Data shown:
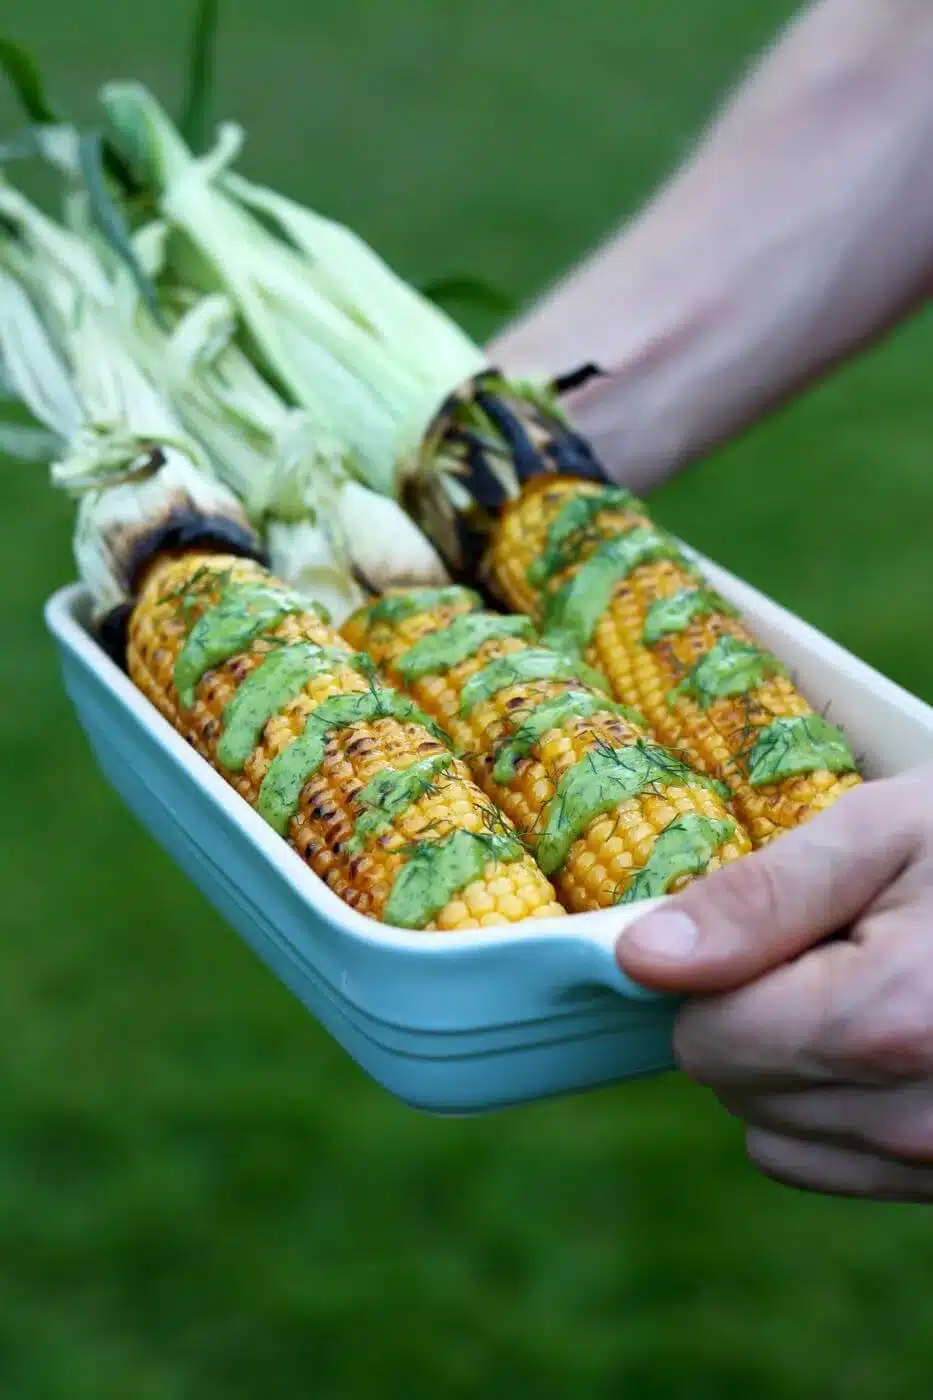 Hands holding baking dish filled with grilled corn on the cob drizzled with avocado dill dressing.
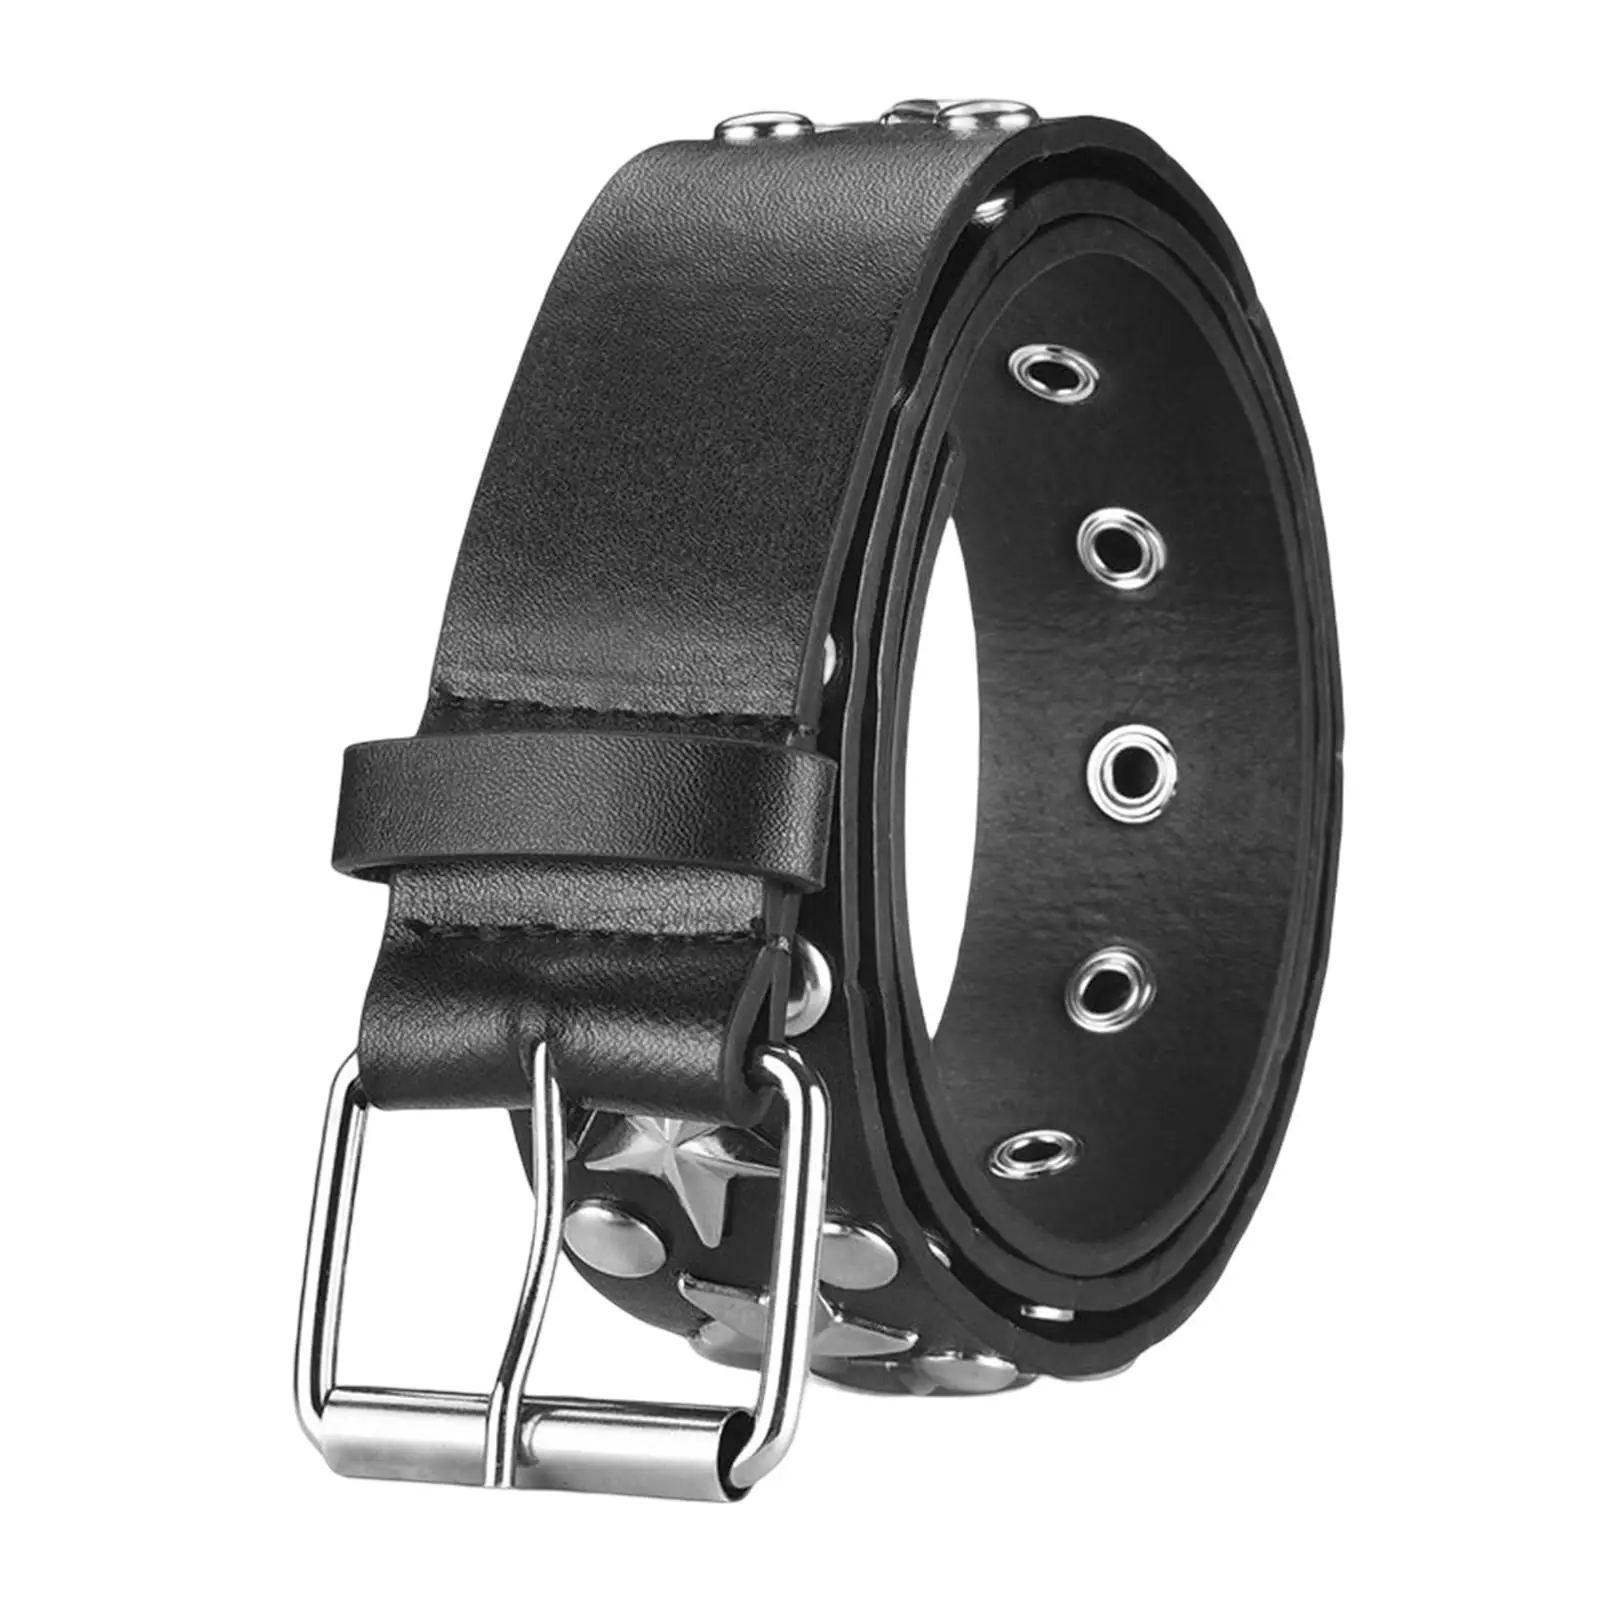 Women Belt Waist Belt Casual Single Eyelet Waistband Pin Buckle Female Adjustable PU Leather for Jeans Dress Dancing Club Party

...

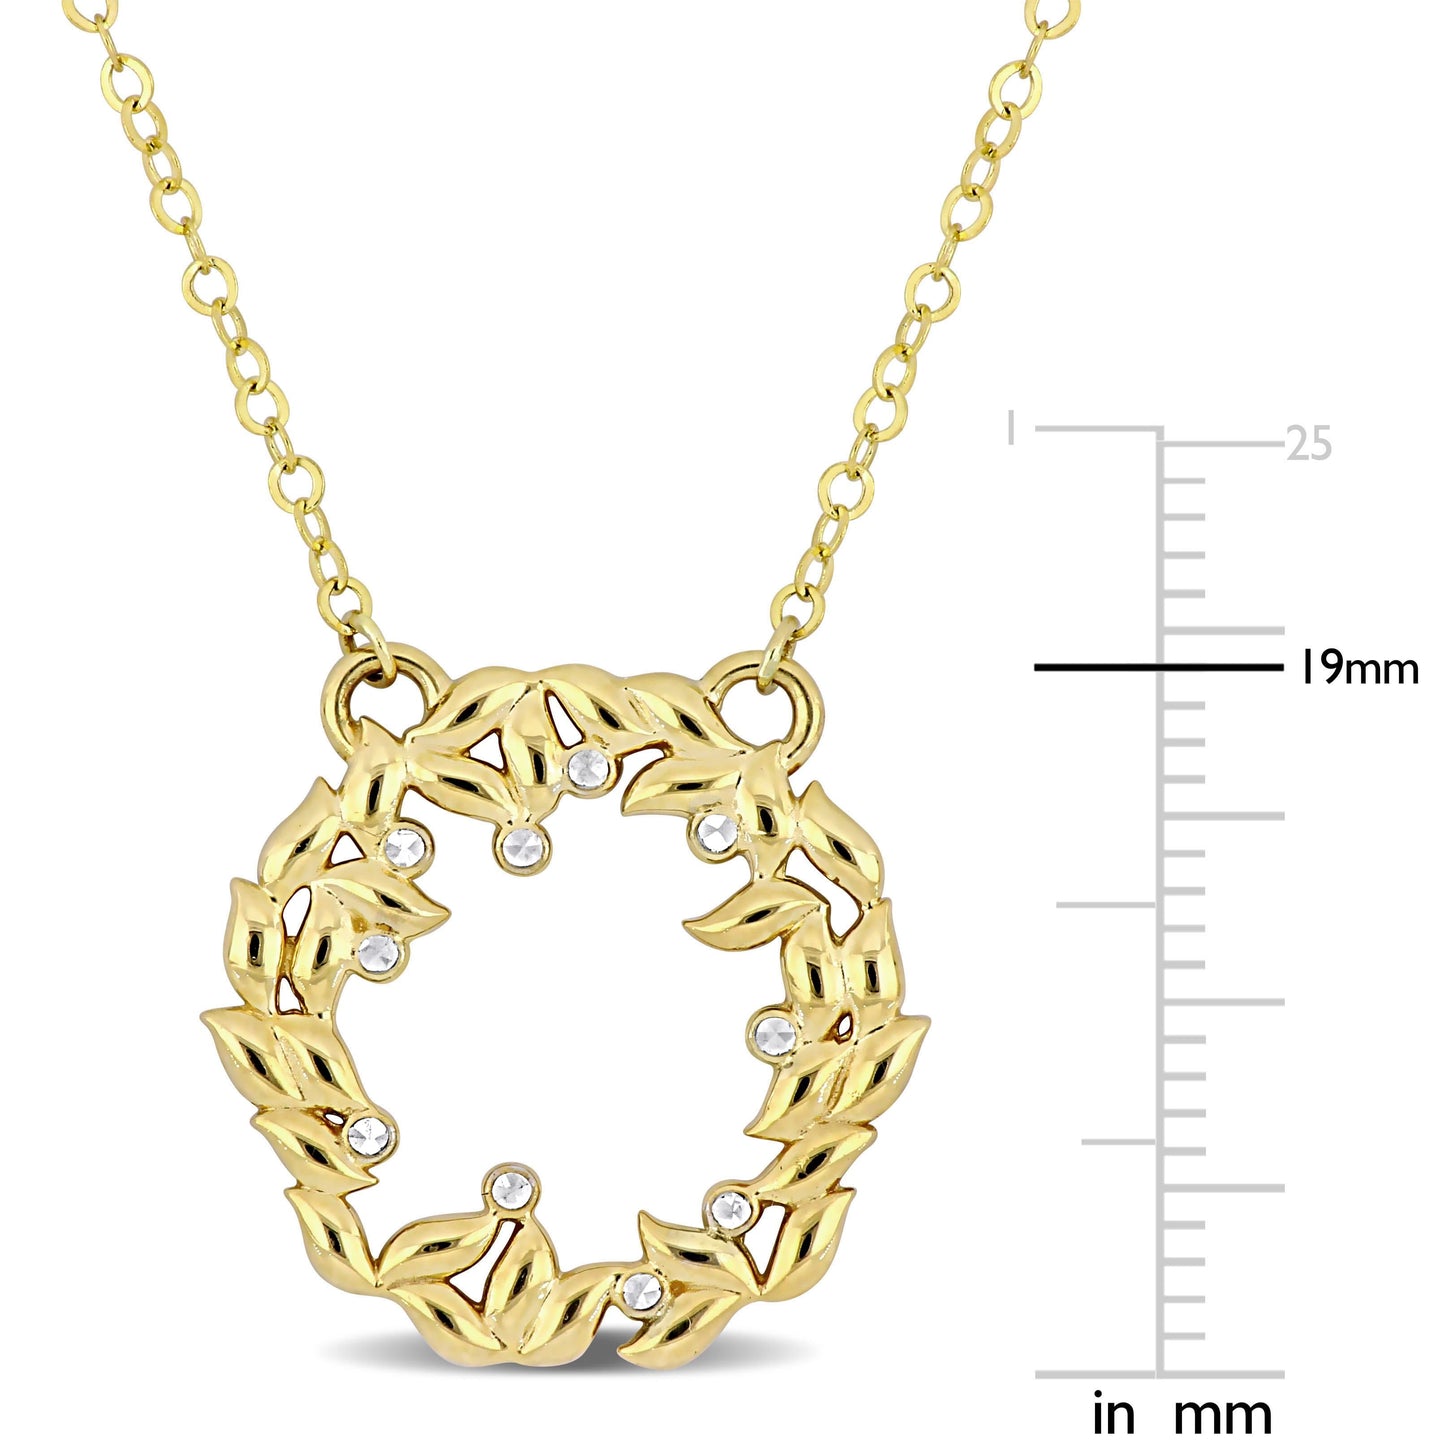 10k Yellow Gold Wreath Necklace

---

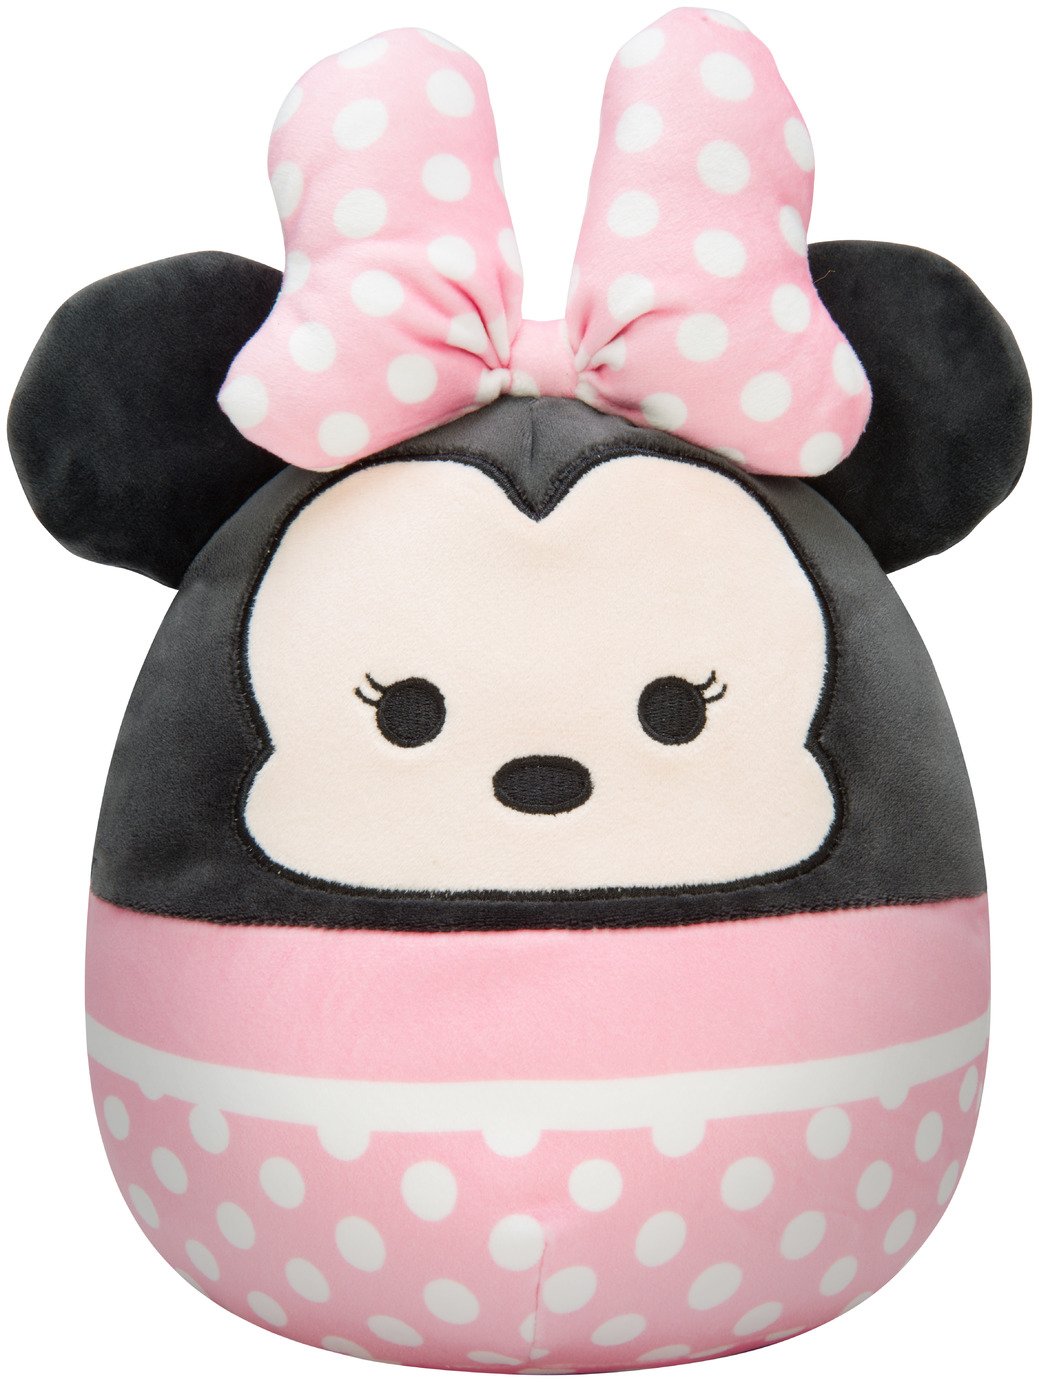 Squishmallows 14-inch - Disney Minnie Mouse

Exercise goal:
Starting at the line above that contains "Hands holding baking", transcribe every line exactly through the line that contains "Women Belt Waist", including that last one, and skip the pictures.

Your response:
 Hands holding baking dish filled with grilled corn on the cob drizzled with avocado dill dressing.
 Women Belt Waist Belt Casual Single Eyelet Waistband Pin Buckle Female Adjustable PU Leather for Jeans Dress Dancing Club Party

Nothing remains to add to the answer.